According to a recent classification of 6d (1,0) theories within F-theory there are only six "pure" 6d gauge theories which have a UV superconformal fixed point. The corresponding gauge groups are $SU(3),SO(8),F_4,E_6,E_7$, and $E_8$. These exceptional models have BPS strings which are also instantons for the corresponding gauge groups. For $G$ simply-laced, we determine the 2d $\mathcal{N}=(0,4)$ worldsheet theories of such BPS instanton strings by a simple geometric engineering argument. These are given by a twisted $S^2$ compactification of the 4d $\mathcal{N}=2$ theories of type $H_2, D_4, E_6, E_7$ and $E_8$ (and their higher rank generalizations), where the 6d instanton number is mapped to the rank of the corresponding 4d SCFT. This determines their anomaly polynomials and, via topological strings, establishes an interesting relation among the corresponding $T^2 \times S^2$ partition functions and the Hilbert series for moduli spaces of $G$ instantons.
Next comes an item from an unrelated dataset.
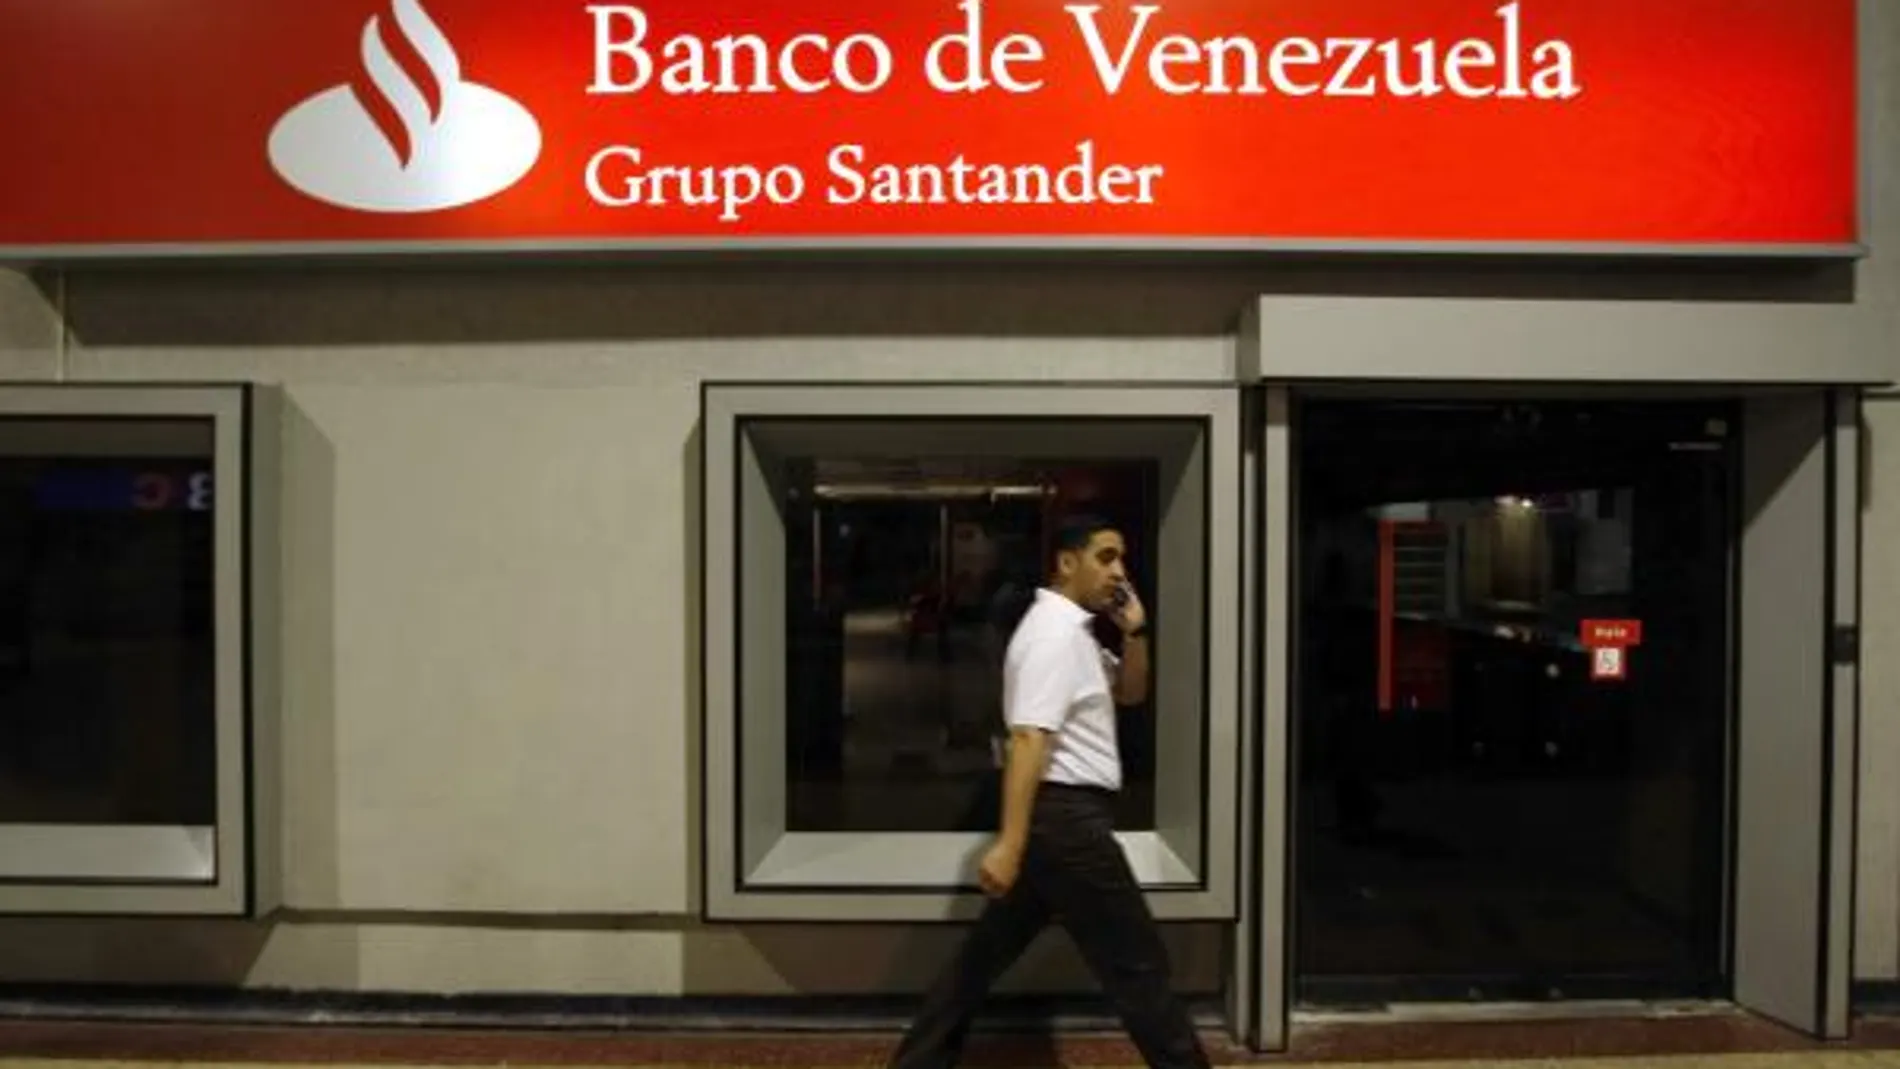 Chávez confirma nacionalización del Banco de Venezuela, filial del Santander

Such relations allow to bootstrap the corresponding elliptic genera by modularity. As an example of such procedure, the elliptic genera for a single instanton string are determined. The same method also fixes the elliptic genus for case of one $ F_4 $ instanton. These results unveil a rather surprising relation with the Schur index of the corresponding 4d $\mathcal{N}=2$ models.

Figures (5)

• Figure 1: IIB brane engineering of the $\widetilde{H}^{(k)}_G$ models.
• Figure 2: IIB description of the tensor branch of the 6d (1,0) theory.
• Figure 3: 2d quiver corresponding to the $H_{SO(8)}^{(k)}$ theory.
• Figure 4: Gaiotto $T_3$ theory from degeneration of the $SU(3), N_f = 6$ curve.
• Figure 5: Schematic IIB description of the 6d (1,0) $\Omega$ background.